Le digital et les technologies innovantes ont envahi tous les métiers, avec à la clef d’incontestables nouvelles opportunités. Pour autant, comme pour les révolutions précédentes, la transformation digitale des entreprises véhicule quantité de peurs et de fantasmes.Eric LENOIR, Président du Comité Exécutif d’Euler Hermes France, n°1 de l’assurance-crédit, nous explique comment se prémunir des risques liés à cette incontournable révolution.
Digital CMO – Quels sont les risques majeurs liés à la transformation digitale des entreprises ?
Eric LENOIR : On observe une augmentation sensible de la cybercriminalité. L’an passé, environ 60% des entreprises ont été victimes, à plus ou moins grande échelle, d’une cyberfraude, piratage de circuits spécifiques, blocage des systèmes d’information, utilisation détournée des mails…
Ces attaques ont d’abord frappé les grandes entreprises qui ont rapidement mis en place les moyens pour parer ce type de menaces. Les PME, moins sensibilisées et disposant de moins de moyens de prévention, sont aujourd’hui la cible privilégiée des cybercriminels.
La fraude « digitale » se traduit également par la transposition des schémas classiques de manipulation d’identité, collusion entre entreprises et autre carambouille.
Mais le risque majeur pour les entreprises face au digital c’est surtout de rater le virage du digital. Comme pour la mondialisation et l’export, le digital est encore trop perçu comme l’affaire des grands groupes. La France accuse un retard important dans ce domaine par rapport à d’autres pays européens. Il est essentiel que l’ensemble des dirigeants, de toutes tailles d’entreprises, aidés par l’ensemble des acteurs économiques, fassent preuve de clairvoyance et engagent leur entreprise et leurs salariés dans cette incontournable transformation. Ne pas mesurer la nécessité d’embarquer et de former ses collaborateurs à ces nouveaux enjeux stratégiques est également un risque majeur pour la pérennité de son entreprise.
Digital CMO – Justement, la robotisation et le recours massif à toute forme d’intelligence artificielle modifient profondément les métiers et les carrières des salariés inquiets pour leur devenir. De quelle façon Euler Hermes entretient-elle l’employabilité de ses effectifs ?

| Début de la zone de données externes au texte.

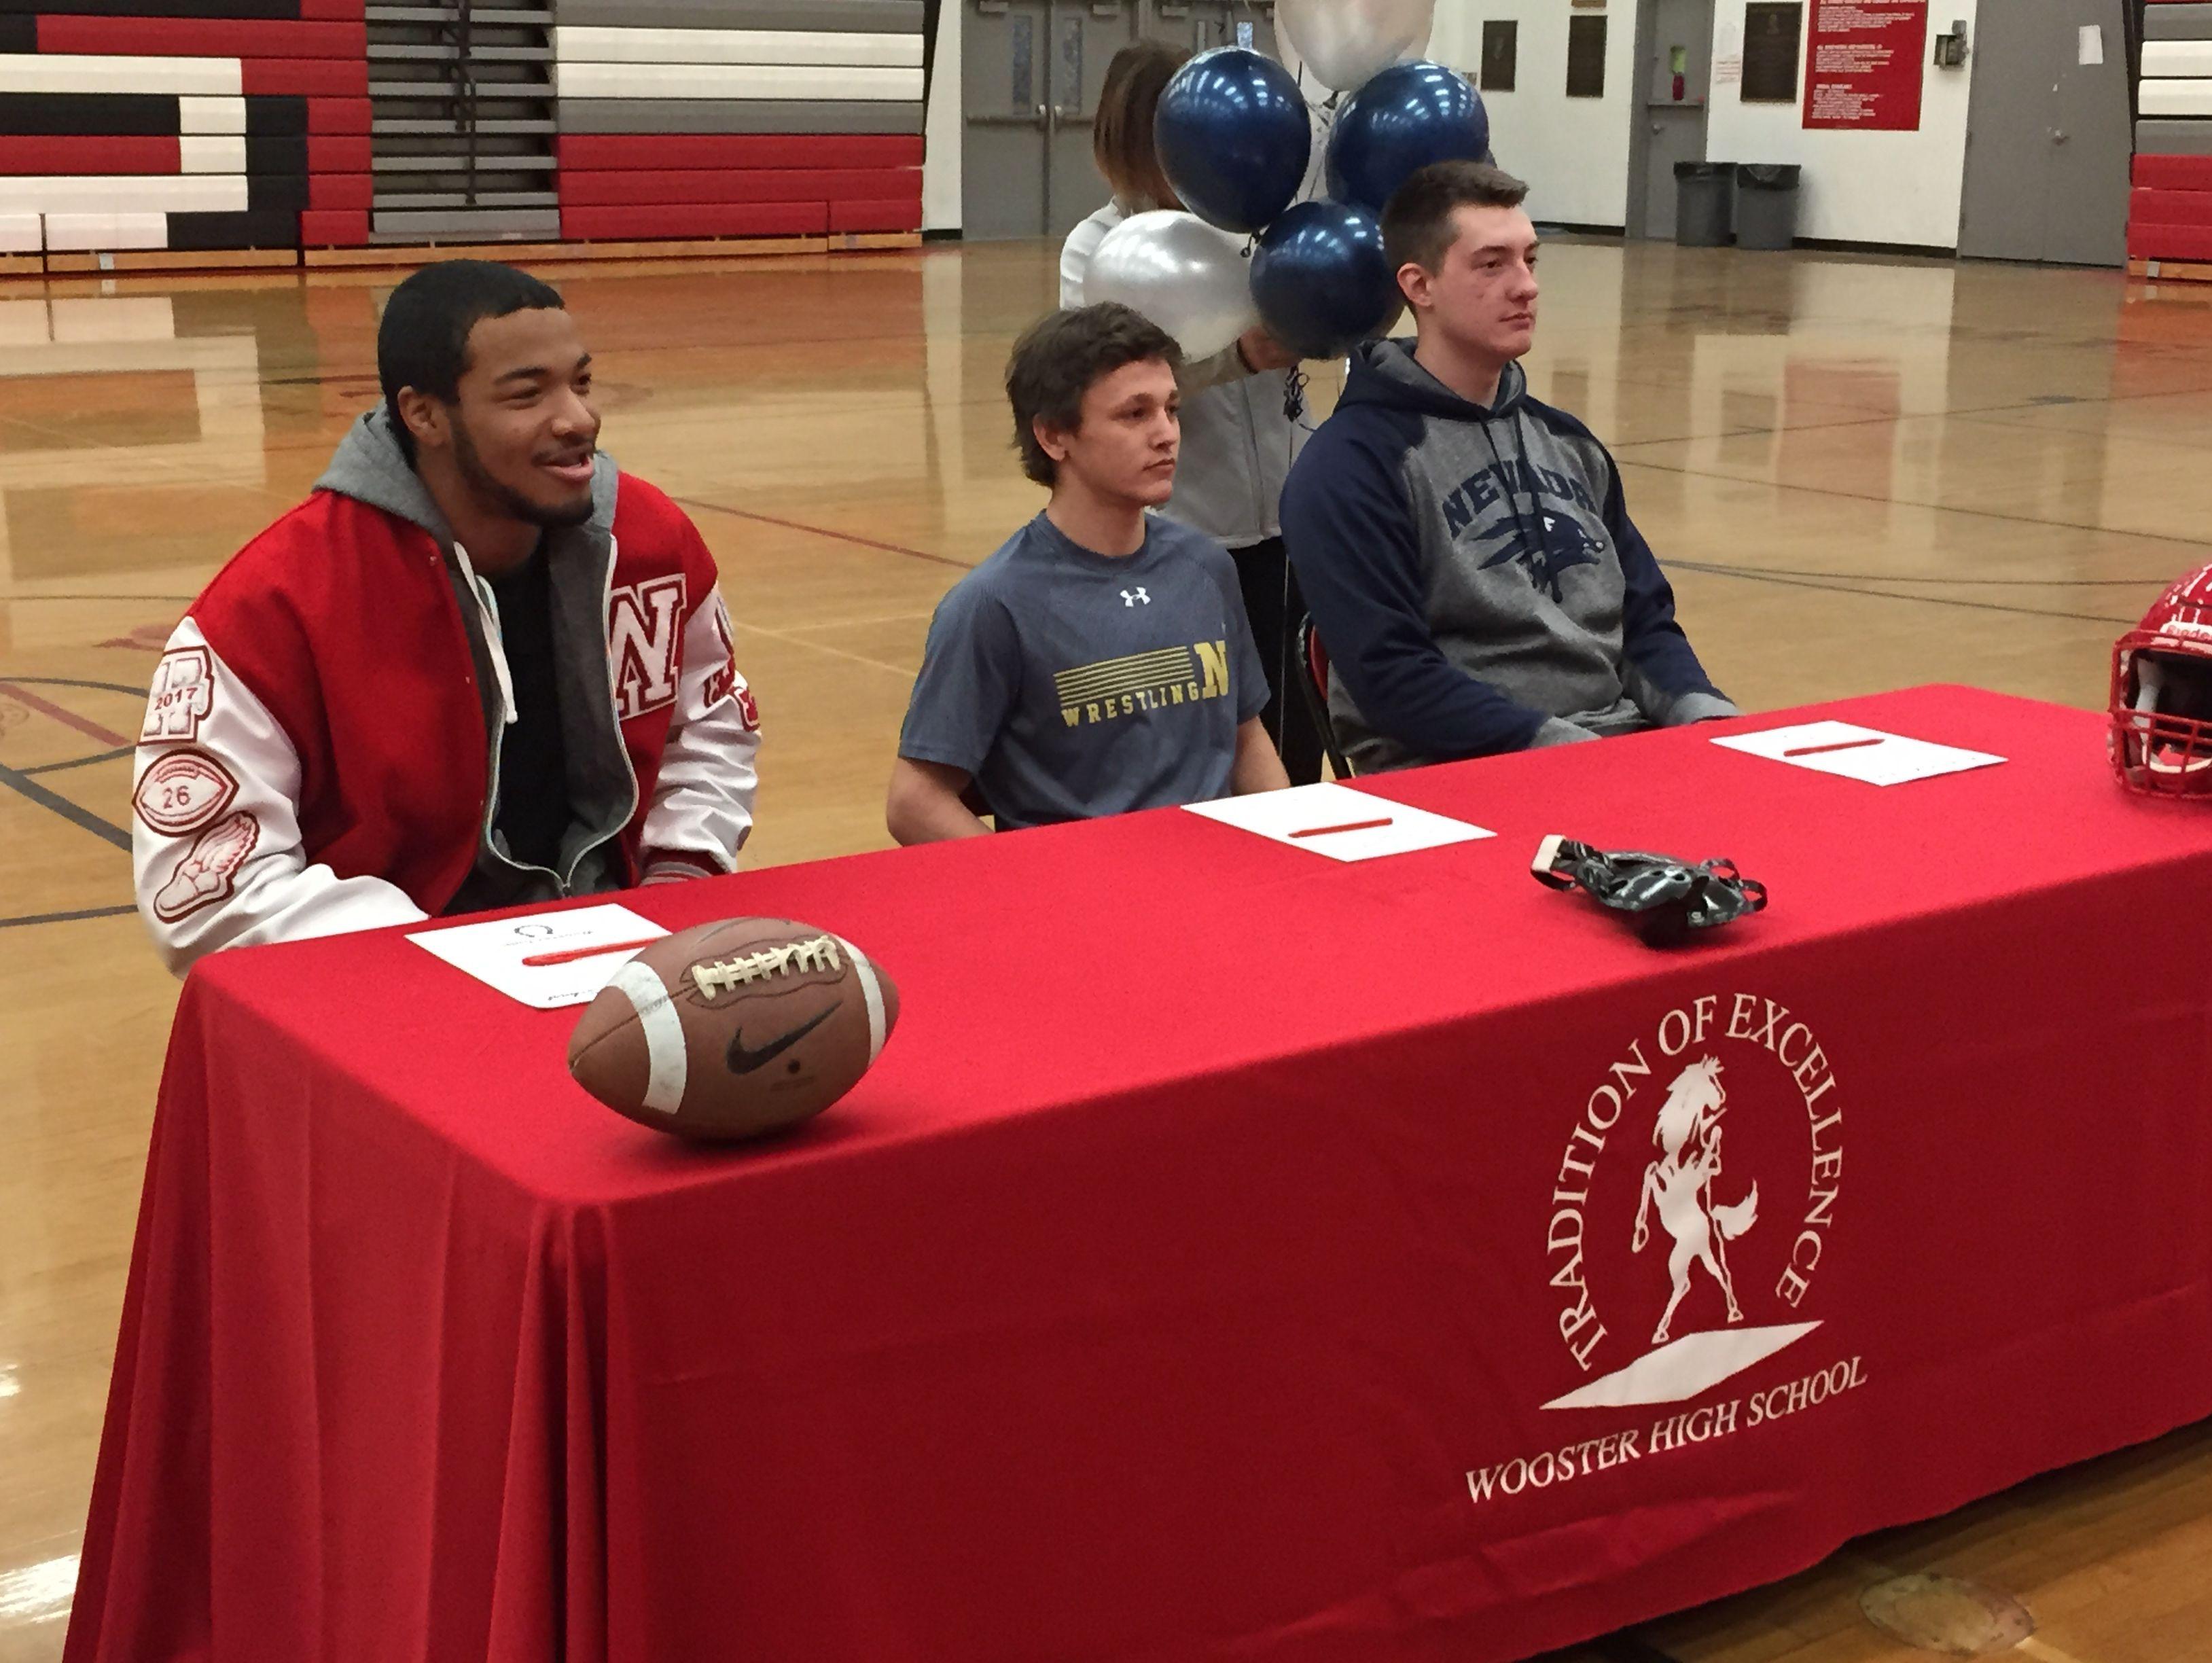 The Colts had three athletes sign: Romeo Okorie (football) Jamestown University; Ian Timmins (wrestling) United States Naval Academy; Karson Thomas (football) Nevada;

Eric LENOIR : Euler Hermes a pris très tôt conscience de la nécessité d’accompagner et de sensibiliser ses collaborateurs à la transformation digitale. Il est communément admis que cette révolution entraînera une évolution des profils.
Par le biais d’un questionnaire simple, nous avons établi un état des lieux du degré de maturité digitale de nos collaborateurs afin de construire un programme d’accélération et de montée en compétences.
Nous encourageons le reverse mentoring pour que les plus jeunes insufflent les nouvelles pratiques aux collaborateurs moins aguerris. Nos Good Morning Digitaux sont l’occasion d’aborder des thèmes plus ou moins complexes pour faire évoluer nos collaborateurs vers un degré de maturité plus élevé. Nous avons aussi mis en place le Digital Tour, un cycle de formations thématiques conçues de façon pédagogique et ludique pour démystifier les concepts clés du digital. Enfin, la cartographie actuelle des compétences versus la cartographie idéale des compétences nous permettra de mettre en œuvre, de façon participative, des plans de formation évolutifs.
Les nouveaux traitements de la data, les API entre autres sujets, nous amènent également à recruter de nouveaux profils très spécifiques qui viennent renforcer cette culture de l’innovation digitale dans l’entreprise.
Digital CMO – De quelle façon, et dans quels domaines en particulier, Euler Hermes utilise t’elle cette innovation digitale pour améliorer sa relation client ?
Eric LENOIR : Nos data scientists testent actuellement, sur certains pays européens, des algorithmes de prédiction de défaut de paiement qui nous permettent d’être jusqu’à 20% plus prédictifs de façon à mieux protéger nos clients et améliorer la qualification du risque. Les nouvelles technologies concourent aussi à faciliter les échanges avec nos clients dans tous les domaines et à devenir un partenaire de croissance. Nous développons en ce sens des parcours de souscription 100% digitaux pour simplifier l’accès à nos produits.
Digital CMO – Euler Hermes se sent- elle menacée par l’émergence de startup qui innovent dans ses domaines de compétences ? Comment travaillez-vous avec cet écosystème ?
Eric LENOIR : Nous sommes partenaires de fintechs du système bancaire, comme Cash in Time du Crédit Agricole, et URICA, auxquelles nous apportons notre expertise en matière d’appréciation et de couverture du risque. Nous avons choisi pour l’instant de nouer des relations commerciales avec cet écosystème, d’intégrer nos services comme un plus à forte valeur ajoutée dans leur business model et donc de jouer un rôle d’accélérateur dans certain cas.